## EXERCISE DATA
=== Section Start ===

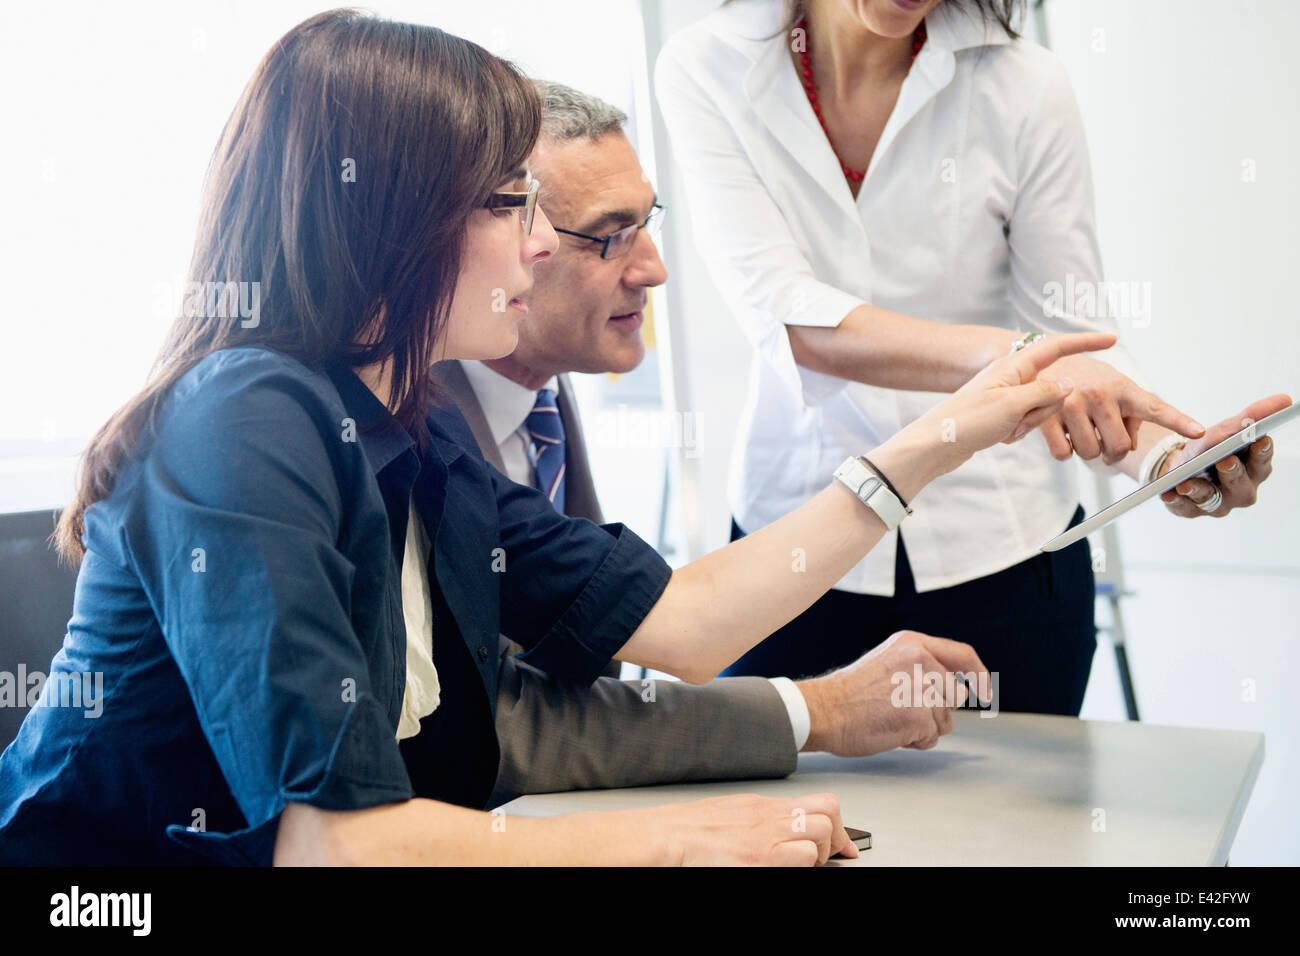 Homme d'affaires et les femmes en discussion Banque D'Images
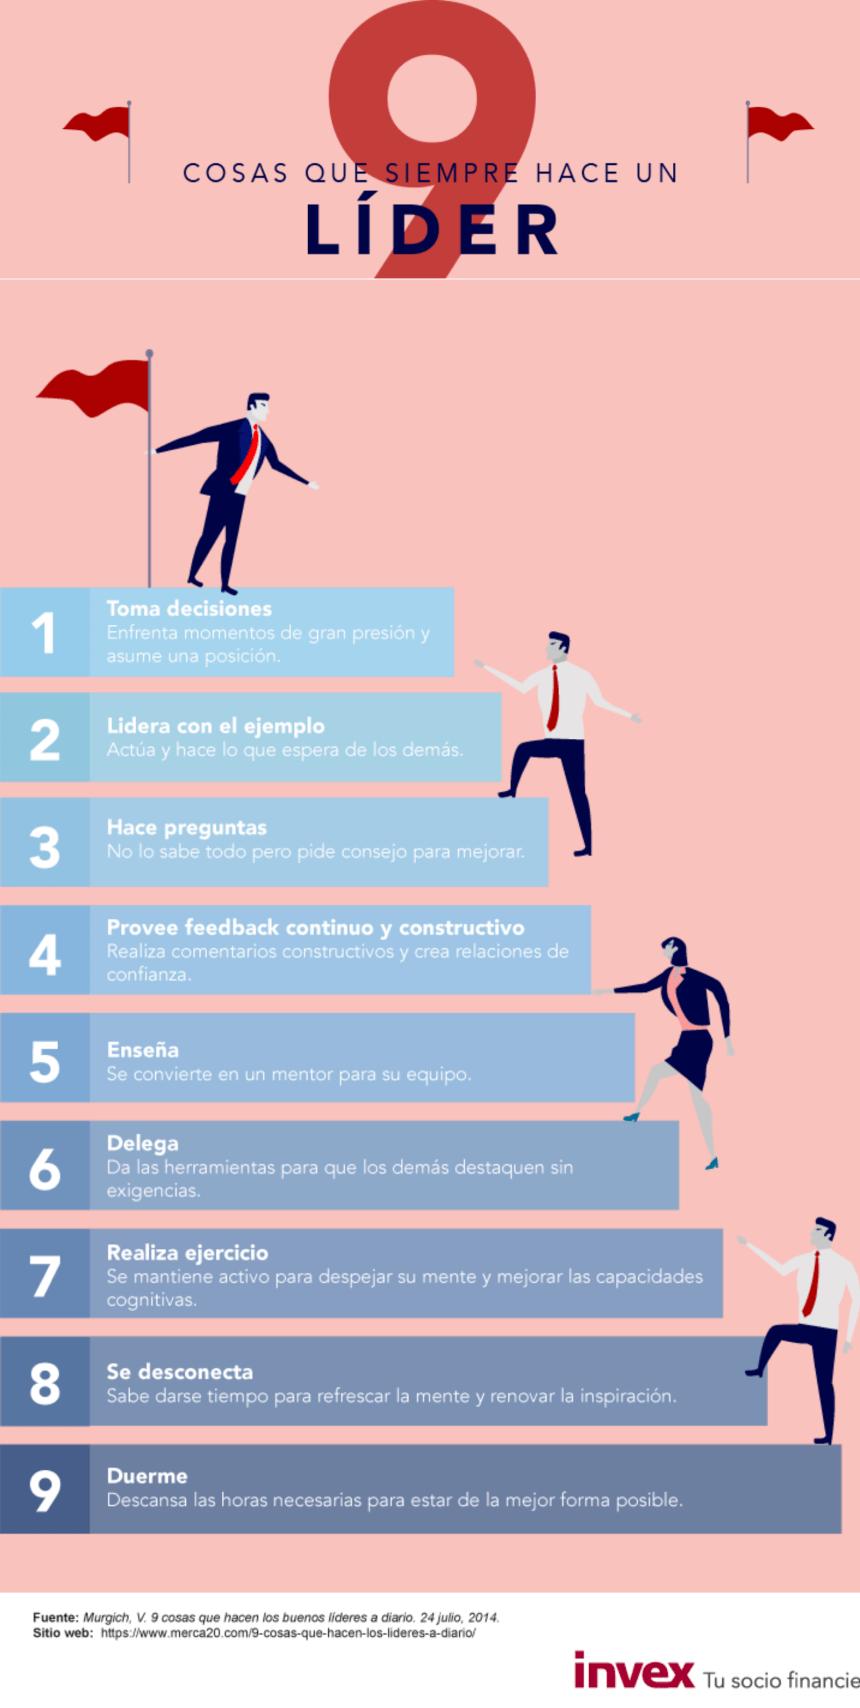 9 cosas que siempre hace un líder #infografia #infographic #leadership
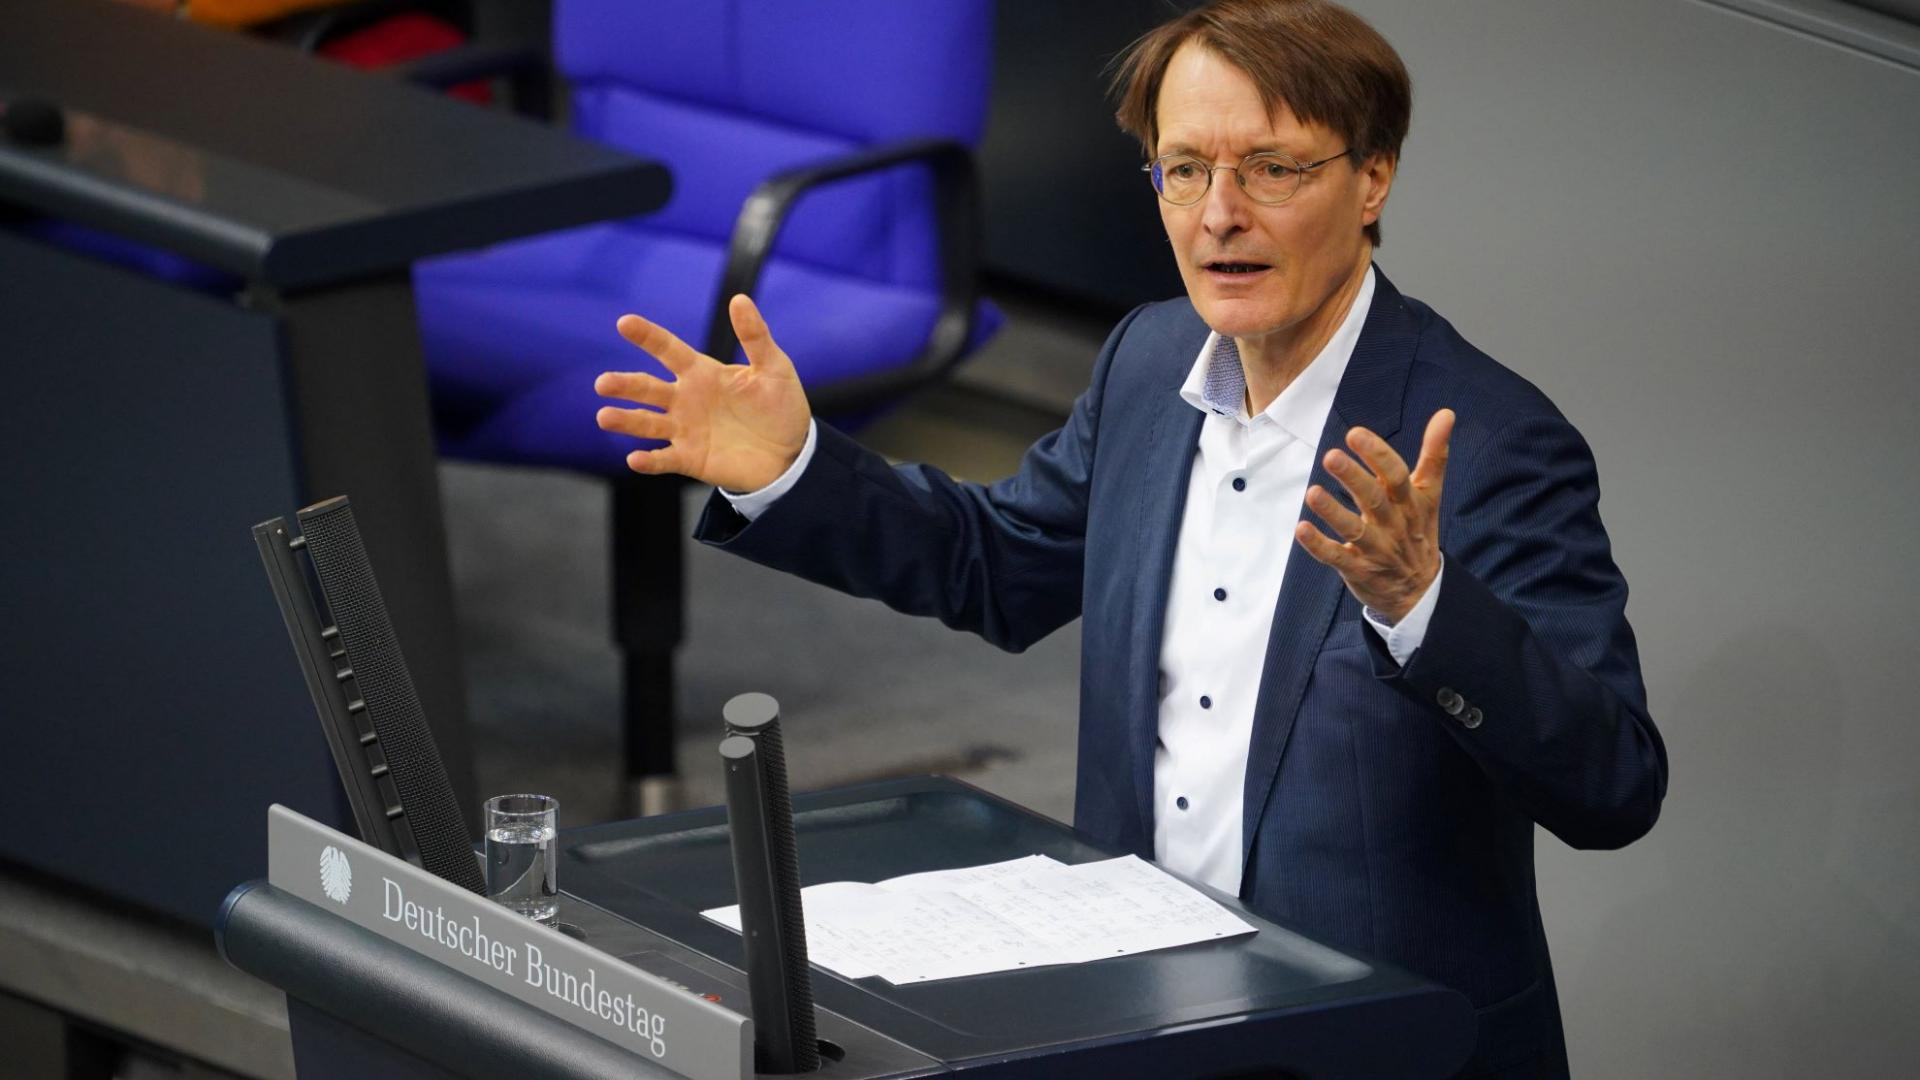 Karl Lauterbach Bundestag

=== Section End ===

## WHAT YOU SHOULD DO
Every line above goes into the copy unchanged; the pictures do not.

## RESULT
 Homme d'affaires et les femmes en discussion Banque D'Images
 9 cosas que siempre hace un líder #infografia #infographic #leadership
 Karl Lauterbach Bundestag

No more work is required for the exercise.